Mungkin dalam sejarah pemilihan presiden di Amerika baru kali ini ada seorang kandidat yang secara terbuka dan terang-terangan didukung oleh kelompok kristen teroris atau lazimnya dikenal sebagai KKK. Dan dukungan ini tidak juga diingkari oleh sang calon (Donald Trump).

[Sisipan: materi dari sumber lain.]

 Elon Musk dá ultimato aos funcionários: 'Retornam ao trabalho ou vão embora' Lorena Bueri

Kini dengan terpilihnya Donald Trump, kelompok ekstrim putih yang dikenal dengan “White Supremacist” semakin menjadi-jadi. Jika di masa lalu mereka kerap kali melakukan teror kepada imigran dan kelompok minoritas lainnya sebagai prilaku sporadis di sana sini, kini mereka seolah mendapat justifikasi sistem. Artinya tindakan rasisme kulit putih dan kekerasan yang mereka lakukan itu seolah sudah menjadi bagian dari kebijakan pemerintahan Amerika saat ini.

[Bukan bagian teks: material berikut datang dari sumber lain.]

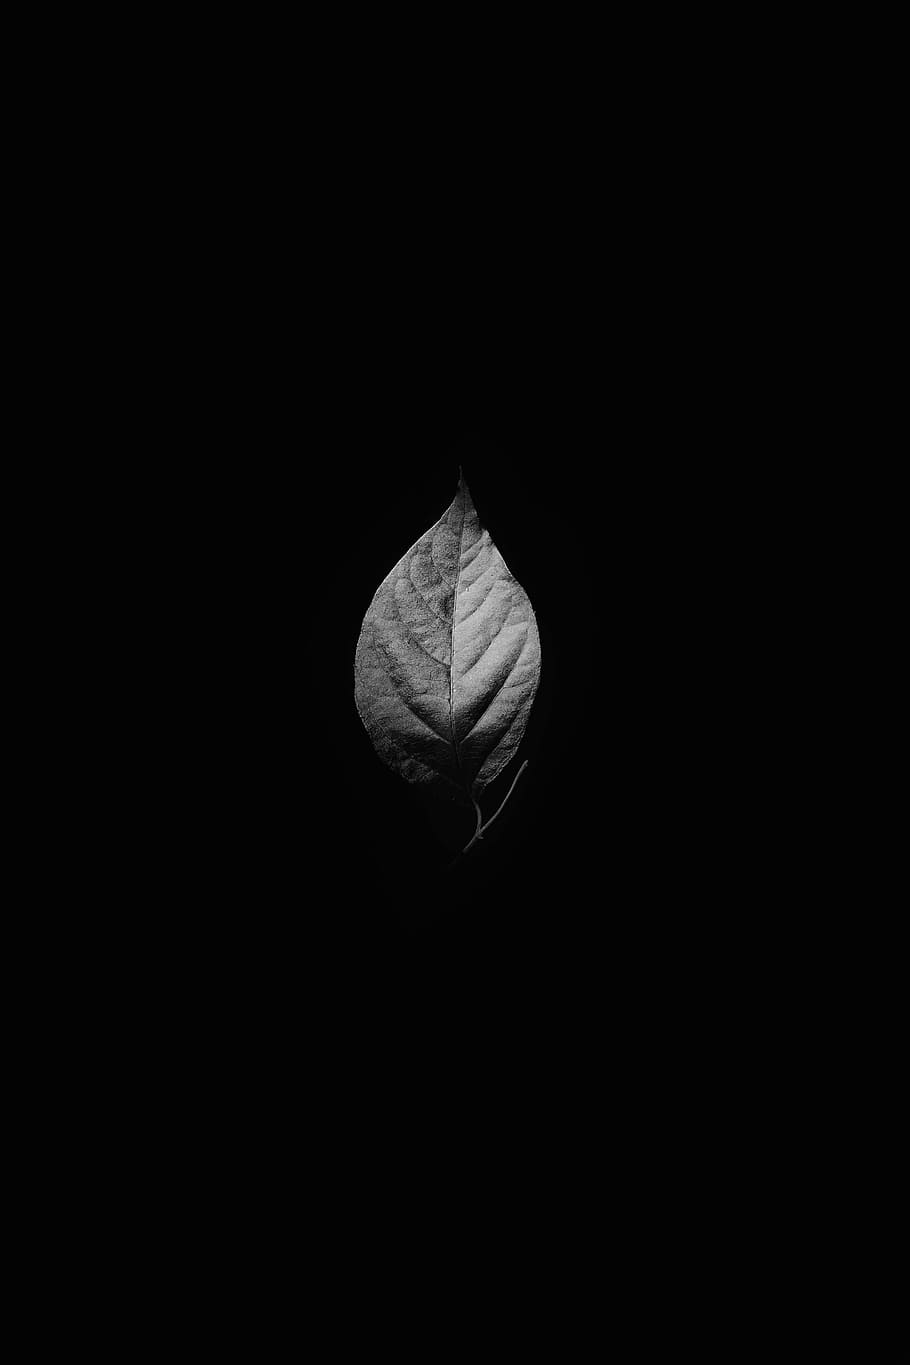 Fotografía en escala de grises, hoja, hojas, planta, naturaleza, venas, blanco y negro, monocromo, oscuro, color negro

Terakhir tentunya beberapa kebijakan dalam beberapa hari pemerintahan Donald Trump telah memperlihatkan fenomena anti non-White itu. Dari kebijakan melarang orang Islam dengan Executive Order I dan II, hingga kepada kebijakan imigrasi untuk mendeportasi warga yang tidak bersurat (undocumented). Bahkan hari-hari ini juga sedang dilalakukan upaya penghapusan dan penggantian asuransi kesehatan Obama yang dikenal dengan nama Obamacare.

Saya melihat semua ini tidak lepas dari karakter para pemain di pemerintahan Donald Trump yang memang bias dan rasis.

Amerika dan Imigran

Sejujurnya tidak ada seorang manusia yang mau meninggalkan tanah leluhurnya. Terkadang sesulit apapun itu kecintaan kepada tanah kelahiran menjadi bagian dari kehidupan orang.

Tapi kenapa banyak orang yang pernah atau akan datang ke Amerika? Apakah memang Amerika begitu menarik bagi banyak orang sehingga berjuang untuk bisa tinggal di negara ini?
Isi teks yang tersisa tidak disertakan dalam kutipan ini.